# Traveling to the US



## Caillou (Jun 9, 2003)

OK. I'm totally confused now.

I just read about 20 posts (here and elsewhere) about tips to travel to the US with an iPhone. More than ever, the mess is getting bigger!

*SIMPLE NEEDS*
I will be in the US for about 10 days. My needs as a tourist are going to be quite simple :
- to be able to make local calls while in a visiting city.
- to be able to consult the net from time to time when not capable of finding a wifi access point to check a museum schedule, look up a restaurant phone number, etc. Nothing fancy or intense. 
- that's it!

*FIDO...*
Yet Fido, my service provider whom I just called a few minutes ago, makes things very effective to scare me to even consider turning my phone ON while in the US. Roaming charges at a buck-a-minute, outrageous data fees (6$ per MB : kidding me ?!), overlapping billing period with my travel dates (i.e., adding additional constraints to my usage). All in all, quite frustrating to realize that in fact, they have nothing serious to offer me.

*UNLOCK ? JAILBREAK? OPTIONS...*
So I'm told to consider —help me here with the right terminology— to unlock or jailbreak (are these synonyms?) my phone and get an AT&T or T-Mobile card, pop the Fido sim card out and use the chosen US provider with a prepaid service. Kind of... 

*QUESTIONS REMAINING...*
Can someone who has done it confirm please :
- Indeed, this is the way to go. US providers have interesting voice and data offers for foreign travelers. 
- Then will I get access to my data on my phone if the sim card is changed ? Can I sync with my Mac while on site ? Will my iPhone sync with my Mobileme account while in the US with the new sim card? Will it screw up my preferences and data integrity, and all ? _(can you tell I'm somewhat of a risk-averse person!?) (fact is, I don't like to spend time reconstructing data sets and prefs and all, so I try to avoid any risk that will potentially lead me down that path!)_
- what are the consequences when I get back to Canada and pop my FIdo card back in. Do I simply sync with iTunes to get everything back to the way it was before? Or do I need to reset the phone ? Will I risk loosing data ? Will it jeopardize any of my rights in lieu of my contract with Fido ?

*DOOR NOB ?*
You're probably saying: "Boy, what a door nob, this guy! He just doesn't get it, does he? And he's mixing up all kinds of issues." Well, I accept the title (for arguments sake!) if it can help other people like me understand what to do and what they are getting into when it comes to traveling the US. 

*HELP !*
The not-so-frequent traveller that I have become is totally confused and is asking for the kind advices of his fellow ehmac friends. What is indeed the best way to go about traveling to the US of eh with a Canadian iPhone and not have to remortgage my home ?


----------



## bmovie (Jan 18, 2003)

I'm going to be in the same situation as you...so what I have done is unlocked my 3G, when I'm down in florida, I plan on buying a T-mobile sim card with a pre paid plan and use that for my calls.

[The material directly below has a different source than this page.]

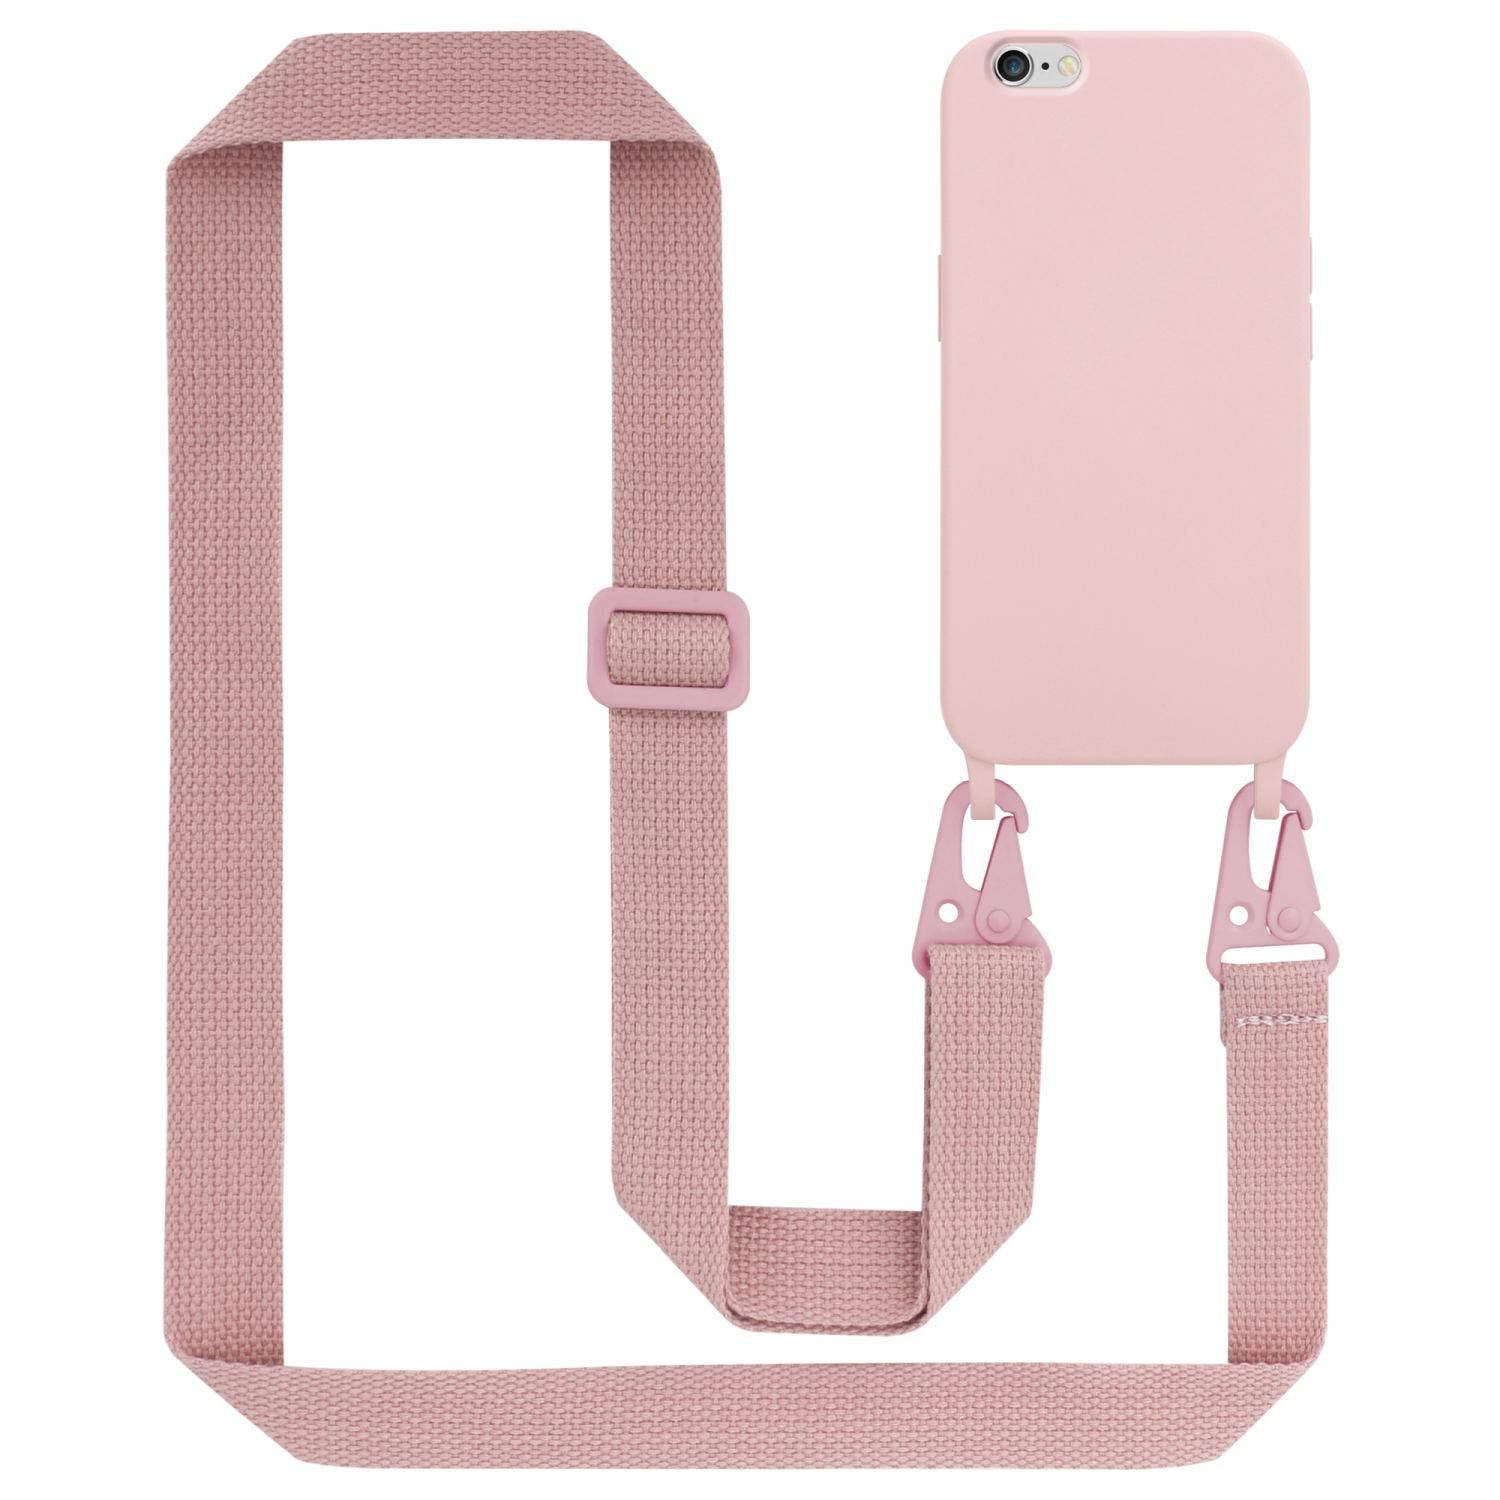 Cadorabo Mobiele telefoon ketting voor Apple iPhone 6 / 6S in LIQUID ROZE - Silicone beschermhoes met lengte verstelbare koord riem

I think I have read that the sim card will cost $10, and then the cost depends on how many minutes you require.

$10 for 30 minutes
$25 for 130 minutes
$50 for 400 minutes

so that's what i'm going to do.

I was going to let Rogers put extra minutes on my plan I think it was $60 for 120 minutes - too expensive.


----------



## thadley (Jul 8, 2008)

Hahaha, wow, k, deep breaths.

I'm not fully versed on all of this, but I've had similar concerns, since I'm traveling soon as well.

Calling will be expensive. Everything will be ridiculously expensive if you keep your Fido SIM in. If you're only going to do 1 or 2 local calls, or just emergencies, I'd say don't bother with unlocking, just keep your iPhone as it is and turn everything off. Data roaming, turn email to manual fetch, location services, make sure there's no way it can check any data without you specifically asking it to. I've heard horror stories of people coming back with $300 bills, but I think that as long as you have all that off and don't hit anything by accident, you should be okay. 

Unlocking and jailbreaking are not synonymous, but they are heavily related. Jailbreaking means to hack your phone so you can install unapproved apps and generally do lots of things Apple doesn't want you to do. Unlocking refers to breaking the carrier lock on your phone, which right now means that if you pop in a Rogers SIM or anyone else's, it won't work. But, generally speaking, you have to jailbreak to unlock.

The data on your phone shouldn't be changed if you swap SIMs, though I'm not sure about jailbreaking and unlocking. That's one area where I don't have any experience, so I can't speak to that.

I'd say think about how long you're going to be away, and how much are you really going to need your phone, beyond emergencies. A lot of what you're talking about will be available from tourist booths, or if you get a good guidebook or do some research beforehand. Unless you're going to be gone for a few months, or making lots of phone calls, it doesn't sound like unlocking would be worth it to me.

But that's just me.


----------



## Caillou (Jun 9, 2003)

Thx bmovie and thadley for your quick response.

Does that mean that I have to get back to the previous millenium, i.e. back to paper maps and Frommer's and Michelin guides ? 

Anybody else ? Feel free to add to the confusion, or clear it out completely!
What's been your experience ?


----------



## bmovie (Jan 18, 2003)

since my phone is jailbroken and unlocked, I have loaded it up with a program called: xpgs and have downloaded google maps for florida and I can use the gps chip in the phone and navigate without a data plan (which I don't have anyway)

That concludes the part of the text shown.